El propietario de una lavandería en Alemania ve exasperado cómo su factura de la luz se multiplica por cinco. Algunas panaderías nigerianas cierran, incapaces de asumir el precio desorbitado de la harina.
Un año después de que Rusia invadiera Ucrania el 24 de febrero de 2022 y provocara un sufrimiento generalizado, la economía global aún sufre las consecuencias: la reducción de los suministros de grano, fertilizantes y energía se combina con más inflación e incertidumbre económica en un mundo que ya lidiaba con demasiado de ambas.
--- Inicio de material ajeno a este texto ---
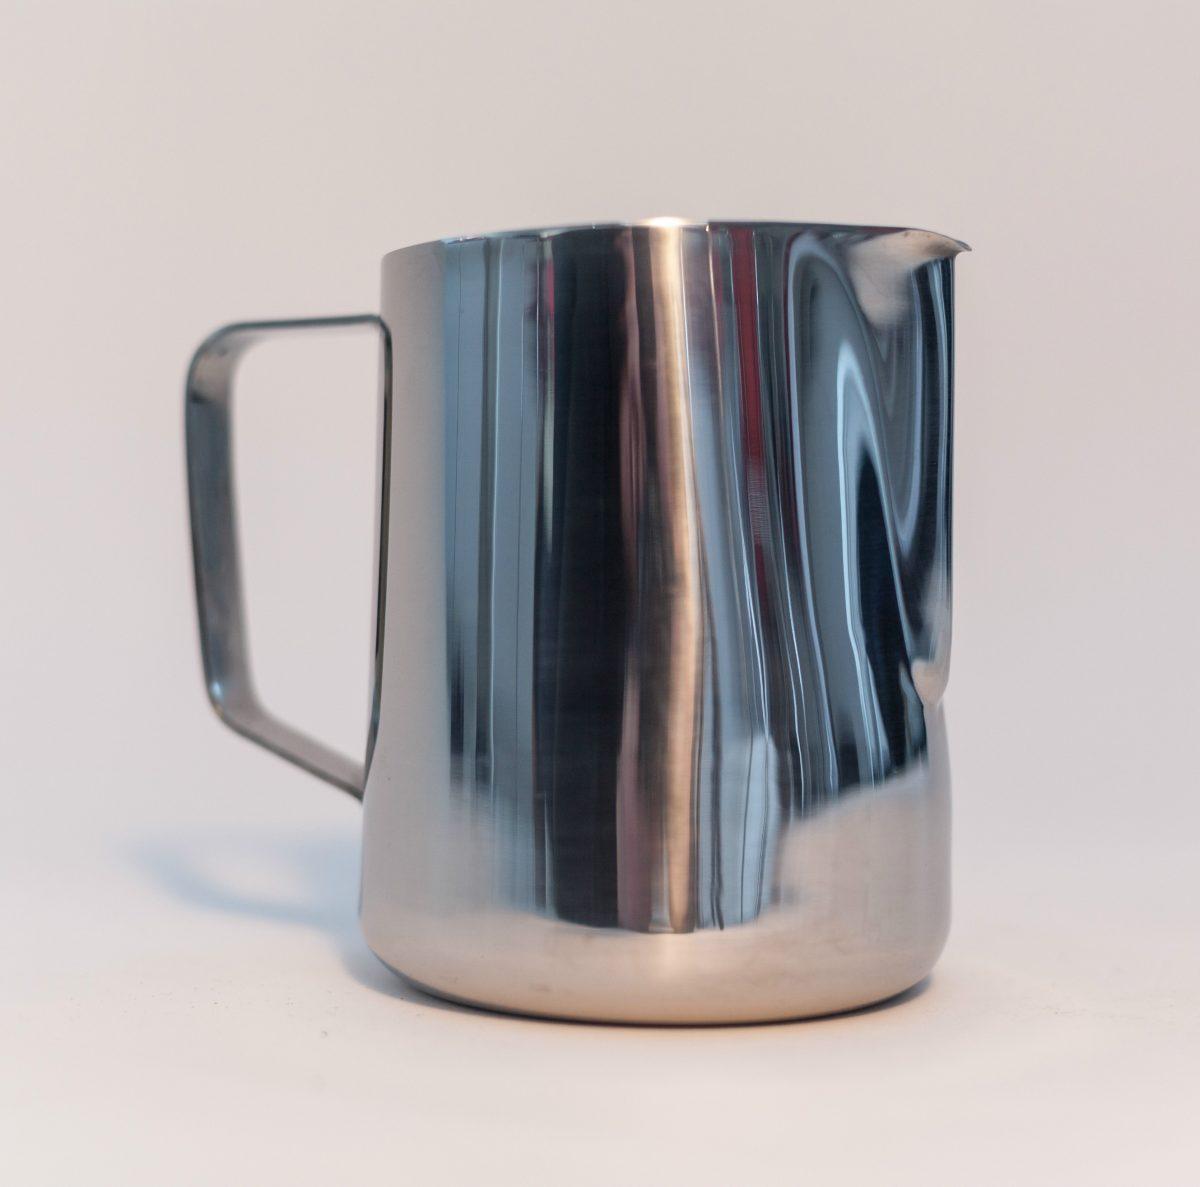 Watermark: Milk foaming jug 1 litre

Pese al espanto de la guerra, hay un consuelo: podría haber sido peor. Las empresas y países del mundo desarrollado han resultado ser inesperadamente resilientes y por ahora han evitado el peor caso posible, una dura recesión.
Pero en las economías emergentes, el impacto ha sido más doloroso.
En Egipto, donde casi un tercio de la población vive en la pobreza, Halima Rabie tiene problemas desde hace años para alimentar a sus cinco hijos en edad escolar. Ahora, la viuda de 47 años ha recortado incluso en los alimentos más básicos y los precios siguen subiendo.
“Se ha vuelto insoportable”, dijo Rabie camino de su trabajo como limpiadora en un hospital estatal en Giza, la ciudad gemela de El Cairo. “La carne y los huevos se han convertido en un lujo”.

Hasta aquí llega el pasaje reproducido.